Внезапно Сева заметил, что дождь окончательно стих, ветра нет, кругом не горят ни окна многоквартирного дома, ни одинокие фонари, тускло светившие, когда он шел в аптеку. И тишина. Абсолютная. Давящая. Сева ускорил шаг. Ему уже было все равно на боль в спине и обиду на весь мир. Ему было тревожно. И эта необъяснимая тревога нарастала, обволакивая его.
Где-то сбоку послышались шорохи. Он остановился, направив свет телефона на ближайшие кусты. Несколько секунд он стоял, не дыша, ожидая чего-то страшного, по спине струйками стекал пот. Из кустов, почесываясь, вылез большой рыжий пес, понюхал штанину Севы и побежал дальше по своим собачьим делам.
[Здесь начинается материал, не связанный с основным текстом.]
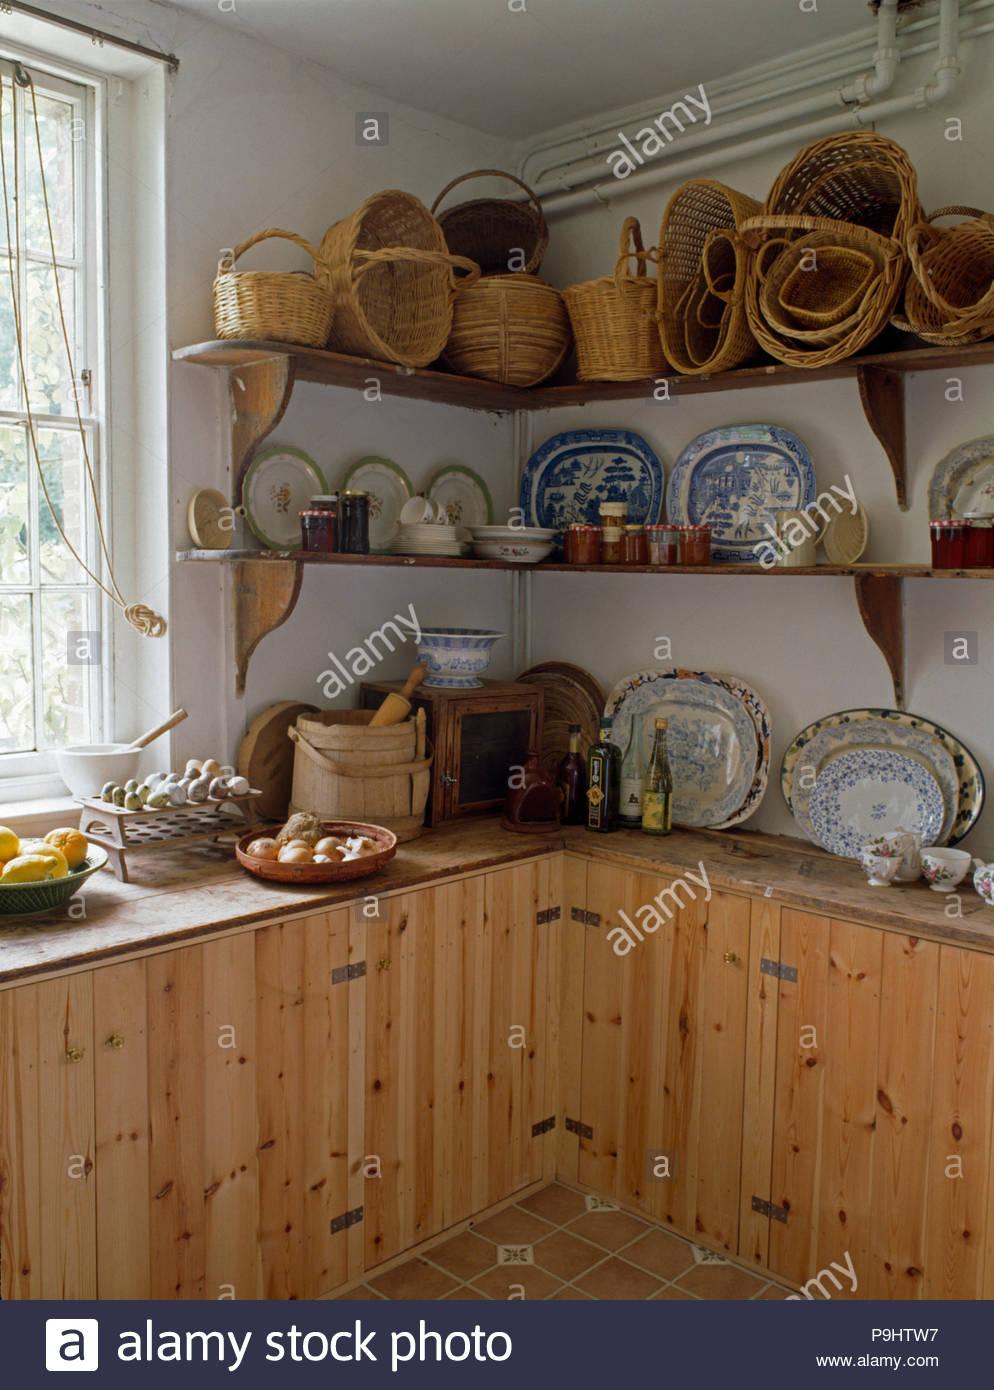 Full Size of Sammlung Von Krbe Und Geschirr Auf Einfache Regale In Den Hängeschrank Küche Teppich Kaufen Mit Elektrogeräten Geräten Regal Für Dachschräge Spüle Wohnzimmer Vintage Regal Küche
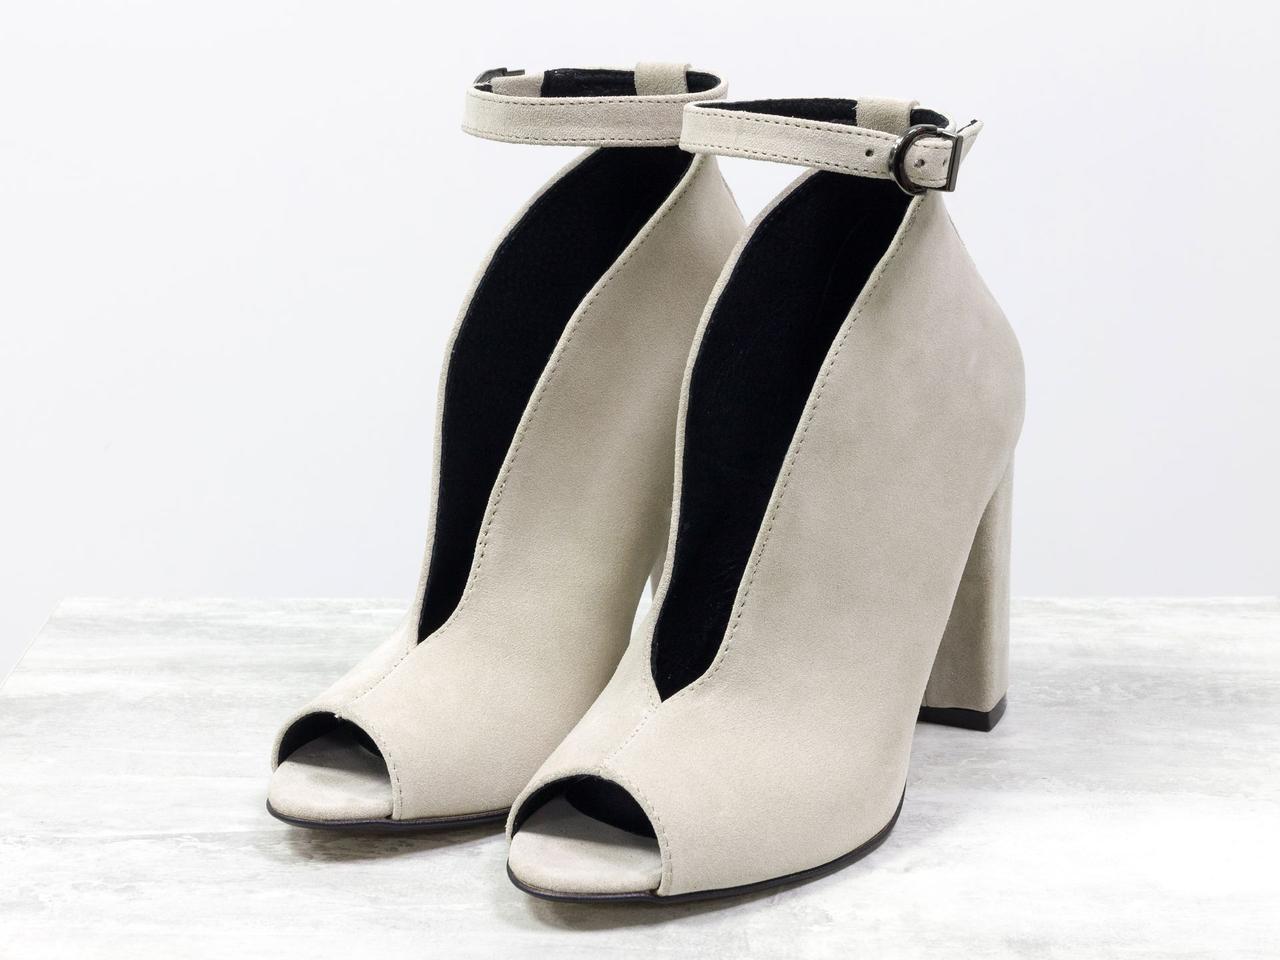 Дизайнерские туфли с открытым носиком из натуральной замши бежевого цвета

Севе даже стало смешно над тем, что он испугался какую-то дворнягу.
Домофон у подъезда, обычно переливавшийся огоньками подсветки, был темен и не подавал признаков жизни, замок был открыт. «Всё ясно, электричество отключили во всем районе, наверное, опять авария на подстанции, ерунда», – подумал Сева. Он поднялся на свой этаж, открыл квартиру. В прихожей попытался не врезаться в ту злосчастную коляску, которой травмировал спину. Но ее не оказалось на месте. «Хм, странно». Разделся, повесил одежду в шкаф, показавшийся ему слишком просторным. Дошел до кухни, выпил таблетку обезболивающего. Вскипятил чайник («Хорошо, что плита газовая и чайник обычный есть»), налил жене чай, взял купленную мазь и пошел уговаривать натереть ему спину.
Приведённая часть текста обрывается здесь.